State how many lines in the listing include the word "Perfect", and give no other text.

Given records ::
BEGIN

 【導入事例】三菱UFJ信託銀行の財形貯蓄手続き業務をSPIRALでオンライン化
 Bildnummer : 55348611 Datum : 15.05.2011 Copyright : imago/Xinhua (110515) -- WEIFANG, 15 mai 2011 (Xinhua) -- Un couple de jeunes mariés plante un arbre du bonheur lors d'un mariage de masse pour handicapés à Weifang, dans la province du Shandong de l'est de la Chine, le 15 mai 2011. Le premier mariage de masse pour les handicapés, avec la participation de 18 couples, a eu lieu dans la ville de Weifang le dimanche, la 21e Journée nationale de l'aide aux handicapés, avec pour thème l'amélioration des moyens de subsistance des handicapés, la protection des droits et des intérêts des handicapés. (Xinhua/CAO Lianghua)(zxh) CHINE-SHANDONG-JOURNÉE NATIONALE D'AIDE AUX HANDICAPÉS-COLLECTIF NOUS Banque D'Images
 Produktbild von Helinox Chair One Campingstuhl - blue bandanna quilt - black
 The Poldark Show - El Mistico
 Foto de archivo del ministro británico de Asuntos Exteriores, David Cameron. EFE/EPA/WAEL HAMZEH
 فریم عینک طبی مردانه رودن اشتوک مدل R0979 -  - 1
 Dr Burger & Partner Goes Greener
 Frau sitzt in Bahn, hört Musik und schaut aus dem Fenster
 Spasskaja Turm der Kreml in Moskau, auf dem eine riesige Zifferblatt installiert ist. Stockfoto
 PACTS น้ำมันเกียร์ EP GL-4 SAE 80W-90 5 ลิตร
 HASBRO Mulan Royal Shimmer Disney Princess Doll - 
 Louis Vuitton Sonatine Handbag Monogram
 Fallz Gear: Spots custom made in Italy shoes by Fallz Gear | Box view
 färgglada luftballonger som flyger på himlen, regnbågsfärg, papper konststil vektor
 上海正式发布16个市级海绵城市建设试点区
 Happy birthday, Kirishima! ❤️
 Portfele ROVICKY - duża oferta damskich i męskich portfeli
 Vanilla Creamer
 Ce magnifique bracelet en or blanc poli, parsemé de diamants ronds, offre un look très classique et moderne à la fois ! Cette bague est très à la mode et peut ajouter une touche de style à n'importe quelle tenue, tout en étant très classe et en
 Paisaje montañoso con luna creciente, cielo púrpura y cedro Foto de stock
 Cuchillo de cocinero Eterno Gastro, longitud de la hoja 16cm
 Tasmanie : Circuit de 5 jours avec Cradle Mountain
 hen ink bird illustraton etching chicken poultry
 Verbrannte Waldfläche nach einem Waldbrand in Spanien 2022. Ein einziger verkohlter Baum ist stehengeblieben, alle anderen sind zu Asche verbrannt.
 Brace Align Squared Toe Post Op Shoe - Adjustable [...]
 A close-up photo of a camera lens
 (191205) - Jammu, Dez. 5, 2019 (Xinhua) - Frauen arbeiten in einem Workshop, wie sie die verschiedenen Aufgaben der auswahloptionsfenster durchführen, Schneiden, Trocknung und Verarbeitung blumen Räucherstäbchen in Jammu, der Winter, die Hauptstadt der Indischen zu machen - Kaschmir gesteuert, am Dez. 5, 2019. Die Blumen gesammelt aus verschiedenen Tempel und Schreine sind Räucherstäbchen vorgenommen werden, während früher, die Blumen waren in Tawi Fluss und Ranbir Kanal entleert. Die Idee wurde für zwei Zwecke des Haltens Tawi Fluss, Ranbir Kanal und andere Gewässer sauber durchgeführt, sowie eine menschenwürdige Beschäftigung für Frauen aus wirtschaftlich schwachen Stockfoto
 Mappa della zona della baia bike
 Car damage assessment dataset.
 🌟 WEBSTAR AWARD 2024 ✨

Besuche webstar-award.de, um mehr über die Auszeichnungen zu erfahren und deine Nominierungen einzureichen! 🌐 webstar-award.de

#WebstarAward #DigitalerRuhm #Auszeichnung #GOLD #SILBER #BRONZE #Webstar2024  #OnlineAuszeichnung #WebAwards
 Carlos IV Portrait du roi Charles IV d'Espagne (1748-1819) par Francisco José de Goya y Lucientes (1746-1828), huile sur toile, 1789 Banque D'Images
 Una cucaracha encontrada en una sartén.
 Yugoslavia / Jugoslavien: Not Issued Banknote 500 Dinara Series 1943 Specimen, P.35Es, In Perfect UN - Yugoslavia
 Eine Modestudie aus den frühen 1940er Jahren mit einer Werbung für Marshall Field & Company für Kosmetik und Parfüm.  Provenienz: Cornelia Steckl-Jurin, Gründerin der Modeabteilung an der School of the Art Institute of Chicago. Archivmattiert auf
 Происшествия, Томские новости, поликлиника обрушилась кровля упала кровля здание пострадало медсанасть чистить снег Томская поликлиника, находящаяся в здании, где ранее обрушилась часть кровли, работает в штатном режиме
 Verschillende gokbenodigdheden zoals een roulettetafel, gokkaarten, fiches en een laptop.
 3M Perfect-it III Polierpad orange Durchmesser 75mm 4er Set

END

Written solution ::
2